Cooperative Memory Paging with Keyword Bookmarks for Long-Horizon LLM Conversations
Researchers propose cooperative paging, a method for managing long LLM conversations by replacing evicted context with compact keyword bookmarks and providing a recall tool for on-demand retrieval. The technique outperforms existing solutions on the LoCoMo benchmark across multiple models, though bookmark discrimination remains a critical limitation.
Cooperative paging addresses a fundamental constraint in large language model applications: the finite context window that limits conversation length. As LLMs process increasingly long dialogues, earlier content must be removed to stay within token limits, yet models still need access to that information when relevant. This research demonstrates that minimal keyword summaries (~8-24 tokens) can effectively replace full context segments while enabling the model to selectively retrieve complete information through a dedicated tool.
The technical approach reflects broader efforts to extend LLM capabilities beyond architectural limits. Previous solutions relied on truncation, dense retrieval systems, or maintaining full context—each with tradeoffs between memory efficiency and answer quality. Cooperative paging achieves superior performance on standardized benchmarks by balancing storage efficiency with selective retrieval, suggesting a pragmatic middle ground.
The findings reveal nuanced design considerations: fixed-size pages consistently outperform content-aware boundary detection, suggesting simple heuristics often trump sophisticated segmentation. The critical bottleneck identified—bookmark discrimination—has direct practical implications: when the model cannot distinguish between bookmarks, it wastes tokens retrieving irrelevant pages, undermining the system's efficiency gains. The 25-percentage-point accuracy gap tied to keyword specificity suggests marginal improvements in bookmark generation could yield substantial performance gains.
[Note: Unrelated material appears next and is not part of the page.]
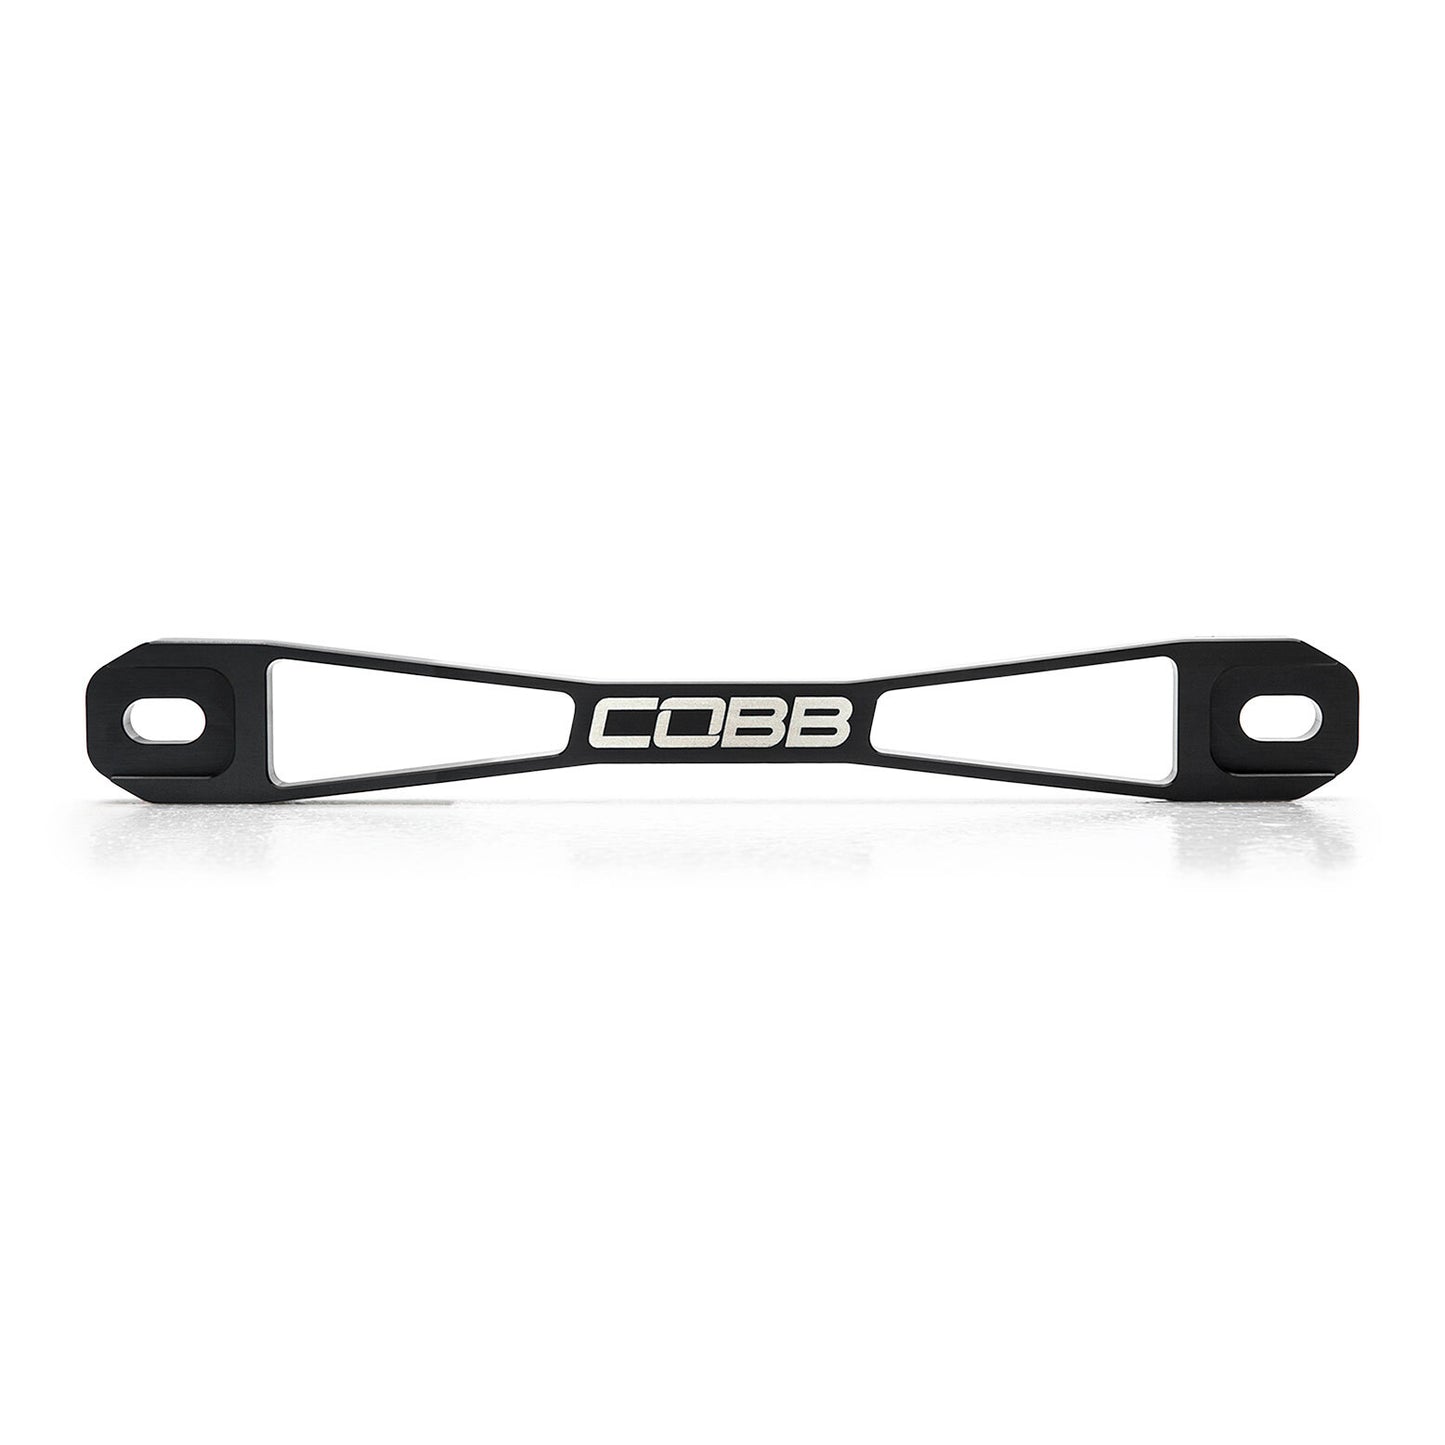 Cobb Tuning - Battery Tie Down - Subaru All Models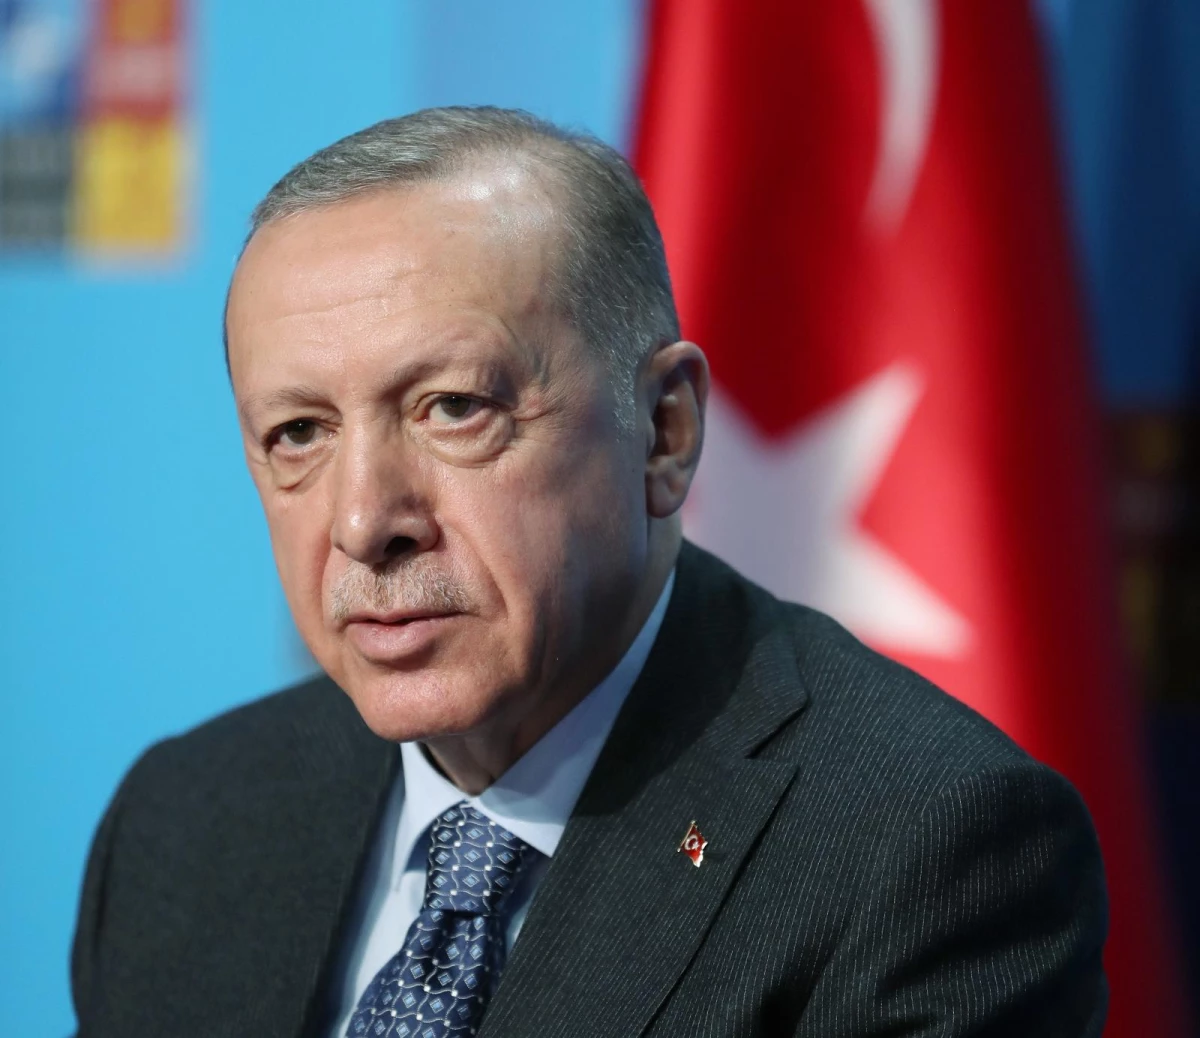 Cumhurbaşkanı Erdoğan: "İsveç 73 kişinin iadesinin sözünü verdi"

For developers building production conversational systems, this research indicates that context management strategies must be benchmarked against real-world conversation patterns, as synthetic data shows different optimal policies. The work validates that minimal information retrieval systems can outperform comprehensive context retention in practical scenarios, potentially reducing computational costs while improving response quality.
- →Cooperative paging with keyword bookmarks achieves higher answer quality than full-context baselines on multi-turn LLM conversations.
- →Fixed-size pages substantially outperform content-aware segmentation strategies, suggesting simpler design often works better in practice.
- →Bookmark discrimination accuracy directly correlates with system performance, with keyword specificity accounting for a 25-point accuracy difference.
- →Optimal eviction policies are data-dependent, requiring different strategies for synthetic versus real conversation patterns.
- →The method reduces context overhead while maintaining retrieval capability, promising more efficient long-horizon conversational systems.